In this story from 1959 Little Helper invents a powerful bear repellent in order to subdue a ferocious bear that almost finishes off Gyro Gearloose and Gladstone Gander. In the above panel Barks shows part of a chemistry formula that, apparently, was a classified military secret in the USA:
I just stole that out of the Encyclopedia Britannica. It was a big article on chemistry with all different chemical formulas, and it was written in this gibberish - CO H and so on - and I just looked at a whole string of those things and looked at about the middle of that. And I thought, well, maybe it's harmless enough if I just take these bunch of chemicals and sort of jumble them up and stick them on a piece of paper.

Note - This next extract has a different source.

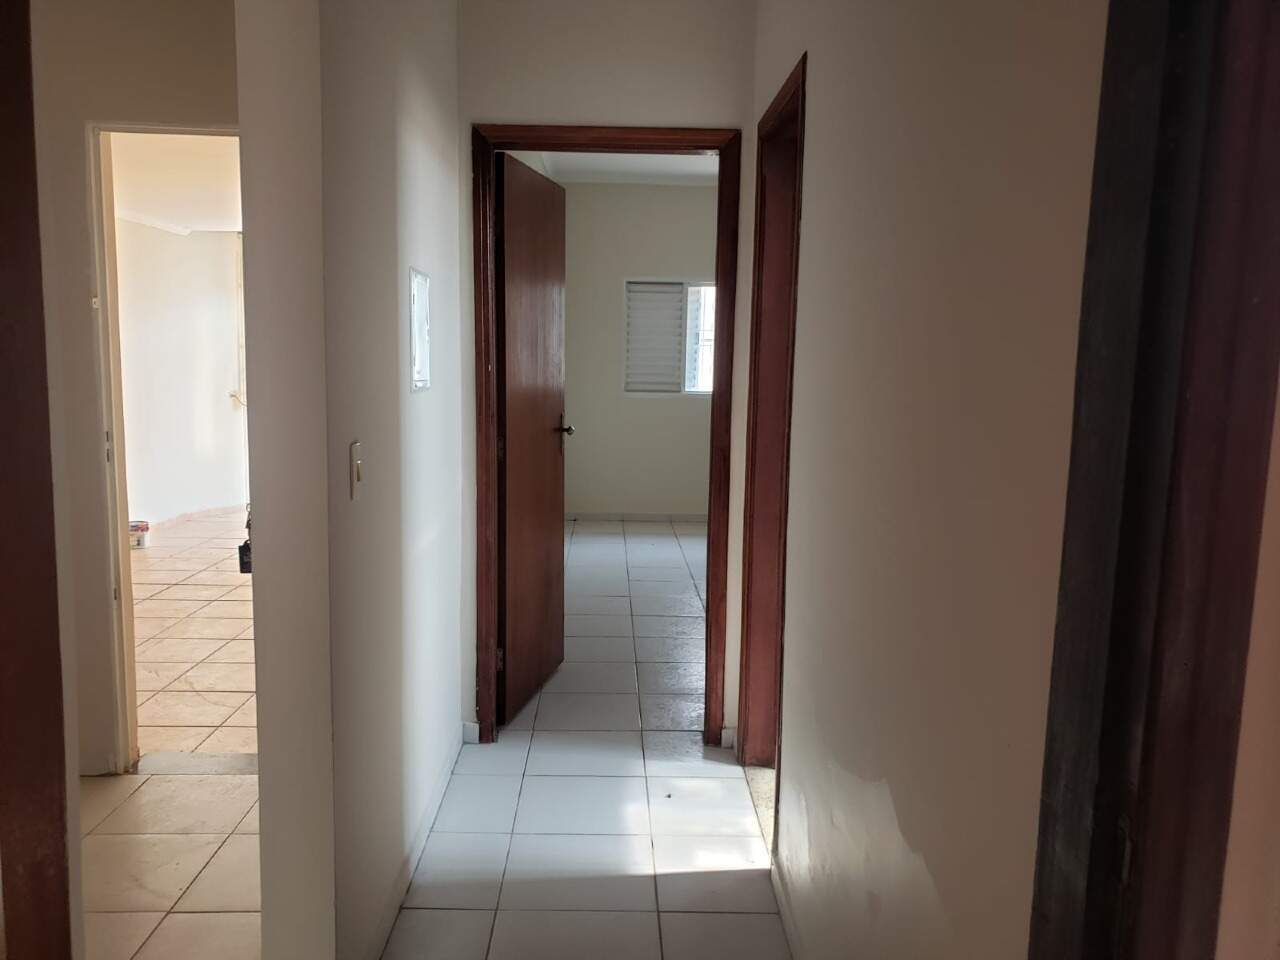 Casa à venda, 2 quartos, sendo 1 suíte, 1 vaga, no bairro São Dimas em Piracicaba - SP

Well, that is what I did, and it turned out that it was a powerful chemical formula.
Indeed it was! Inadvertently Barks had come across a small part of a formula that was considered a top military secret of the USA at the time! Just this once Barks seems to have surpassed the skills of none less than Gyro Gearloose...

Now then...

If there are any chemistry interested readers out there, this website would very much appreciate any scrap of real and serious information that can be extracted from Barks' and Little Helper's 'formula', thus shedding some light over the enigmatic and puzzling mystery:

[ BA(OH)2  JCN3  SO ]

Barium hydroxide is the chemical compound with the formula Ba(OH)2. Also known as baryta, or baryta-water, it is one of the principal compounds of barium. Neither the next two groups nor the whole formula as such have been identified by this website.